Sketching the Spectral: Ghosts in French-language Graphic Novels (Northeast Modern Languages Association Convention )
Philadelphia, PA
Organization: NeMLA
Event: Northeast Modern Languages Association Convention
This panel examines the wide-ranging use of ghosts in graphic novels. The idea is based on an application of Jacques Derrida’s notion of hauntologie within the context of the bande dessinée, a medium that lends itself to the spectral in that it can disrupt the presumed linear flow of past-present-future through formal elements. For Derrida, the figure of the ghost is a deconstructive agent whose spectral subjectivity disrupts the very notion of the present as tied to reality. One question this panel seeks to address concerns how ghosts might mediate an engagement with the unresolved, inescapable, or unfinished stories that haunt the 21st century.
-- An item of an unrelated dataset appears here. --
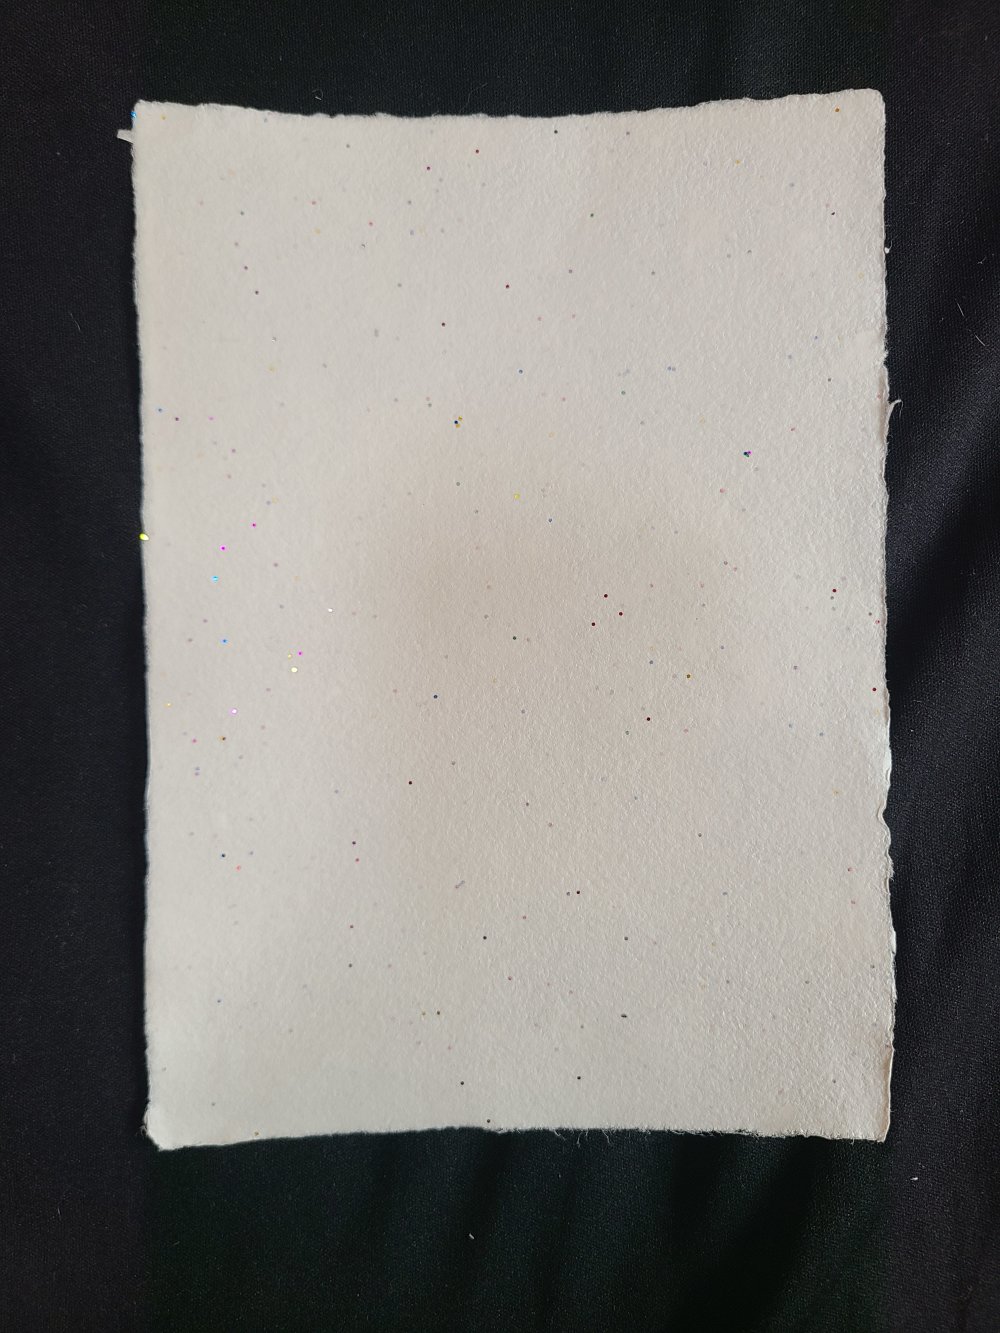 Feuille de papier aquarelle coton/chanvre - grain fin - du a6 au

This panel invites a discussion of how ghosts are employed in graphic novels and how graphic novels employ spectral scenes that disrupt time and space to engage with present through the prism of the past.
Topics of inquiry may include, but are not limited to:
· Hauntings
· Representing space-time in graphic novels
· Ghosts linked to historical events
· Memory
· Trauma
· Postcolonial legacies
· Formal elements of the bande dessinée used to engage with the past
Please submit 250 word abstracts in English or French through the NeMLA website by September 30, 2024.